House Republican leaders have signaled their willingness to back President Barack Obama's request.

White told members of the Senate Banking Committee in prepared remarks Monday that the House budget would not be sufficient to address "the immediate and pressing need for significant resources" to boost advisor exams.

She reiterated the SEC's 9% RIA exam rate in fiscal 2013, noting again that in 2004 the SEC had 19 examiners per trillion dollars in investment advisor assets under management while today the agency has only eight.

"Additional resources are vital to increase exam coverage over investment advisors and other key areas, and also to bolster our core investigative, litigation, and analytical enforcement functions," White said in her remarks.

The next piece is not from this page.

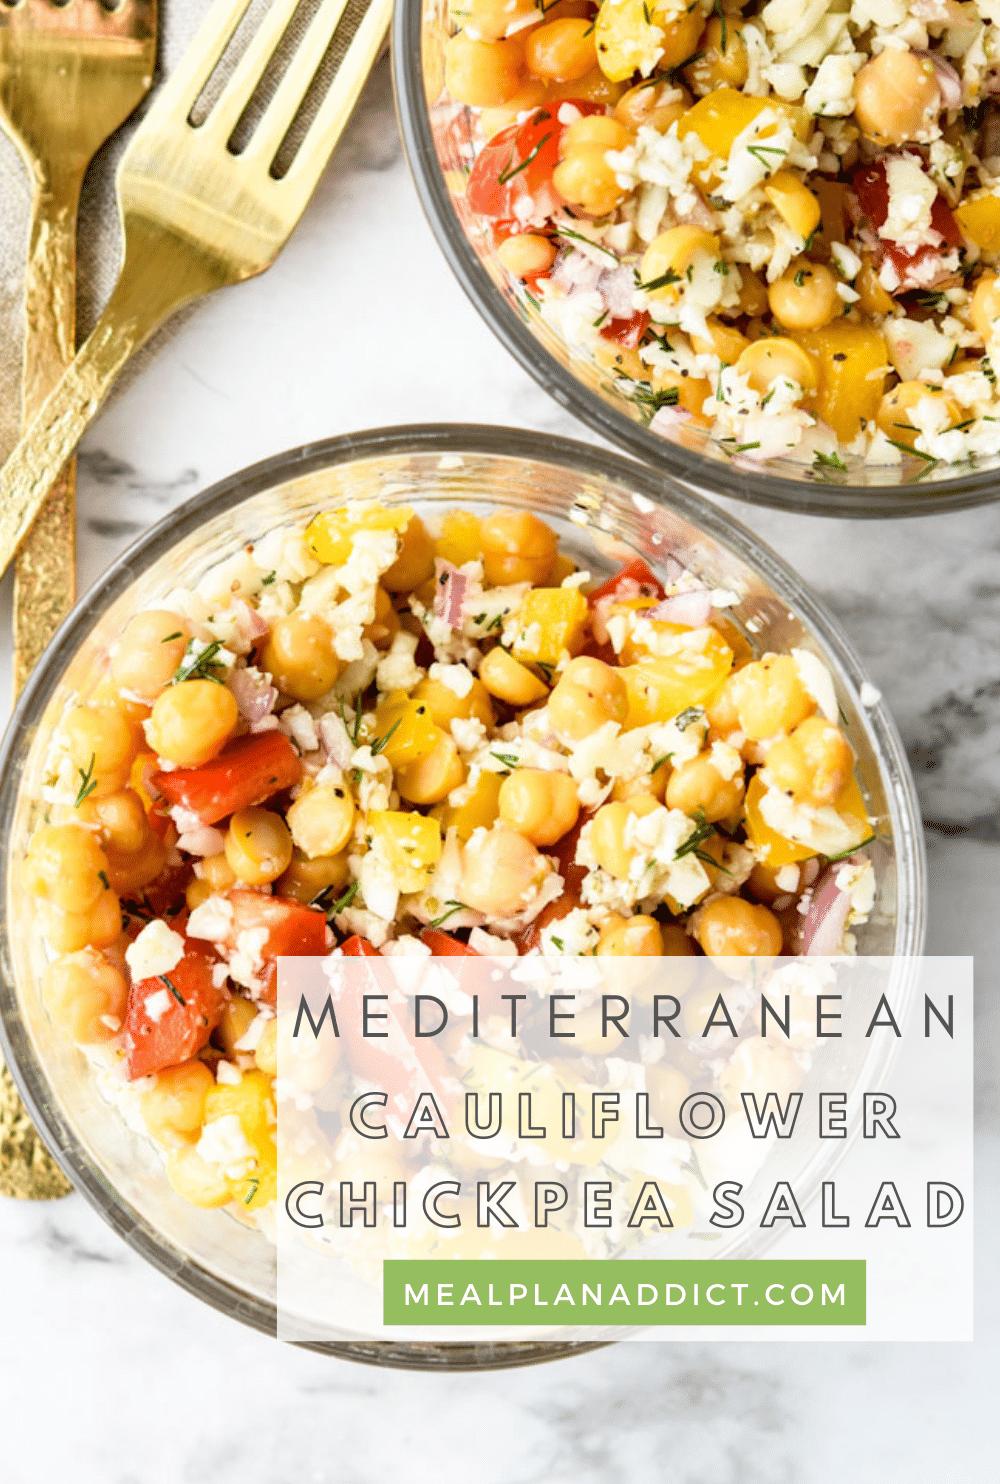 Cauliflower chickpea salad pin for Pinterest

Given the agency's new responsibilities under the Dodd-Frank and JOBS acts, White continued, "we need additional staff experts to focus on enforcement, examinations and regulatory oversight. We must strengthen our ability to take in, organize, and analyze data on the new markets and entities under the agency's jurisdiction," she said, noting that under Dodd-Frank the number of SEC-registered private fund advisors has increased by more than 50% to 4,322 advisors.

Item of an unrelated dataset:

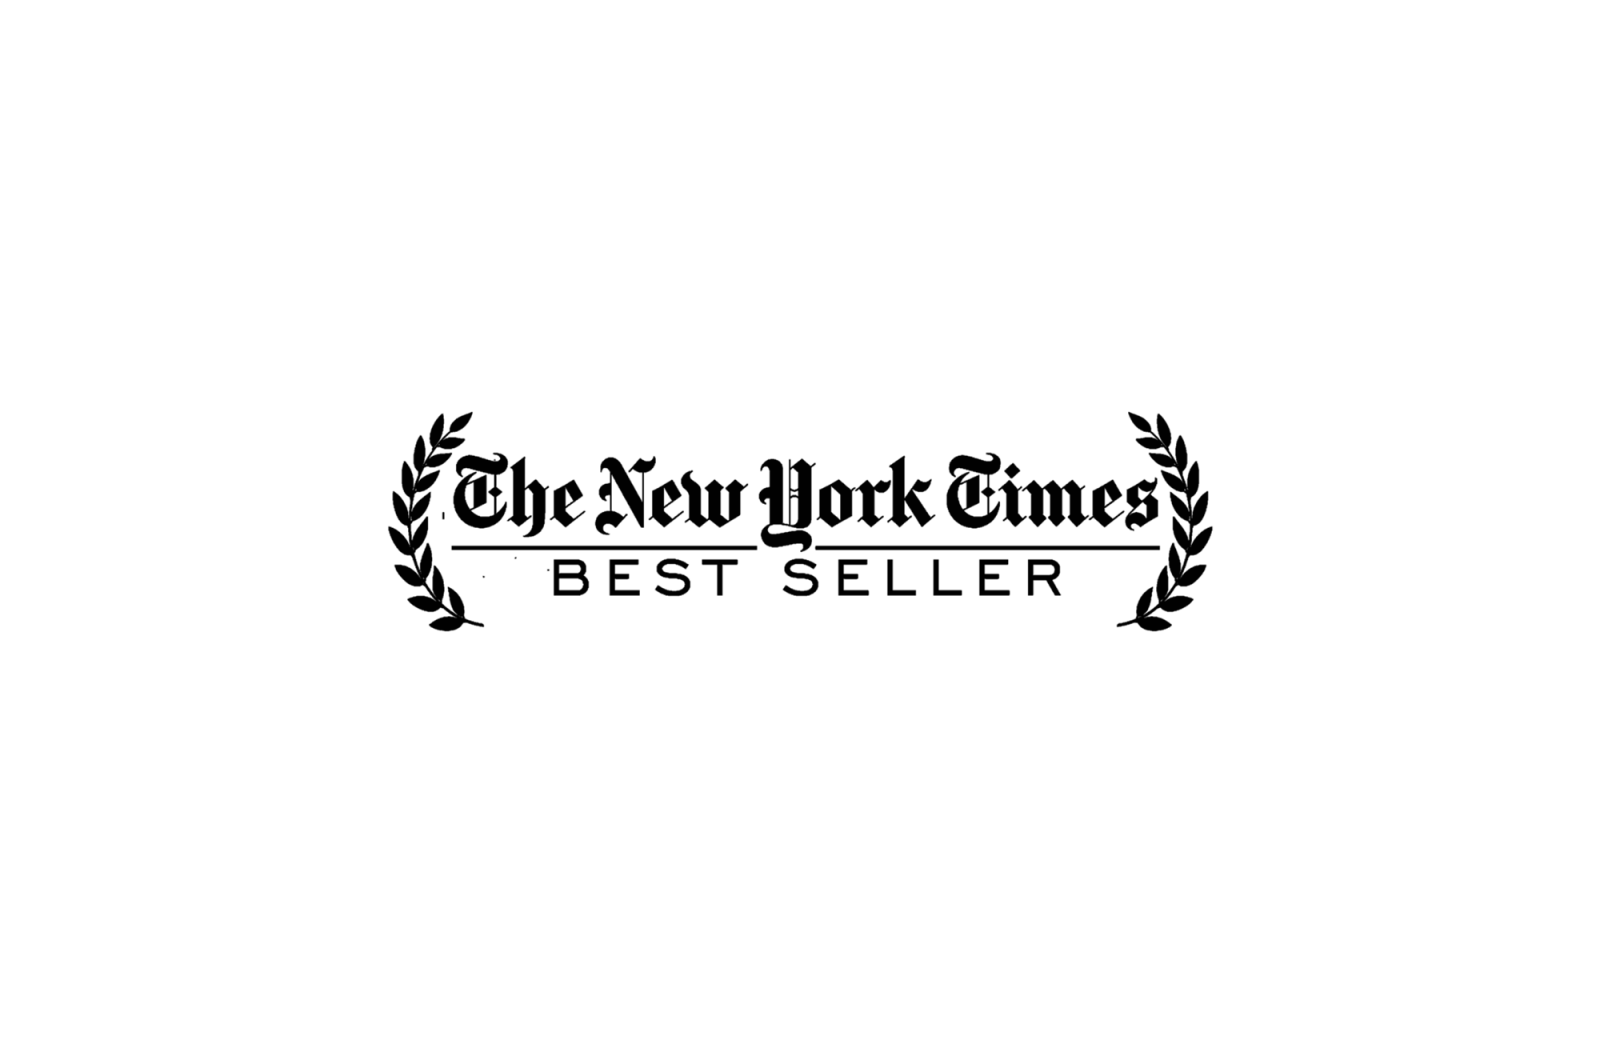 The New York Times Bestseller logo on white background

"Even after accounting for the shift of mid-sized advisors to state registration pursuant to the Dodd-Frank Act, the total amount of assets managed by SEC-registered advisors has increased significantly from $43.8 trillion in April 2011 to $62.3 trillion in August 2014, while the total number of SEC-registered advisors has remained relatively unchanged from 11,505 to 11,405."

The new responsibilities, she said, "cannot be handled appropriately with the agency's existing resource levels without undermining the agency's other core duties, particularly as we turn from rule writing to implementation and enforcement of those rules."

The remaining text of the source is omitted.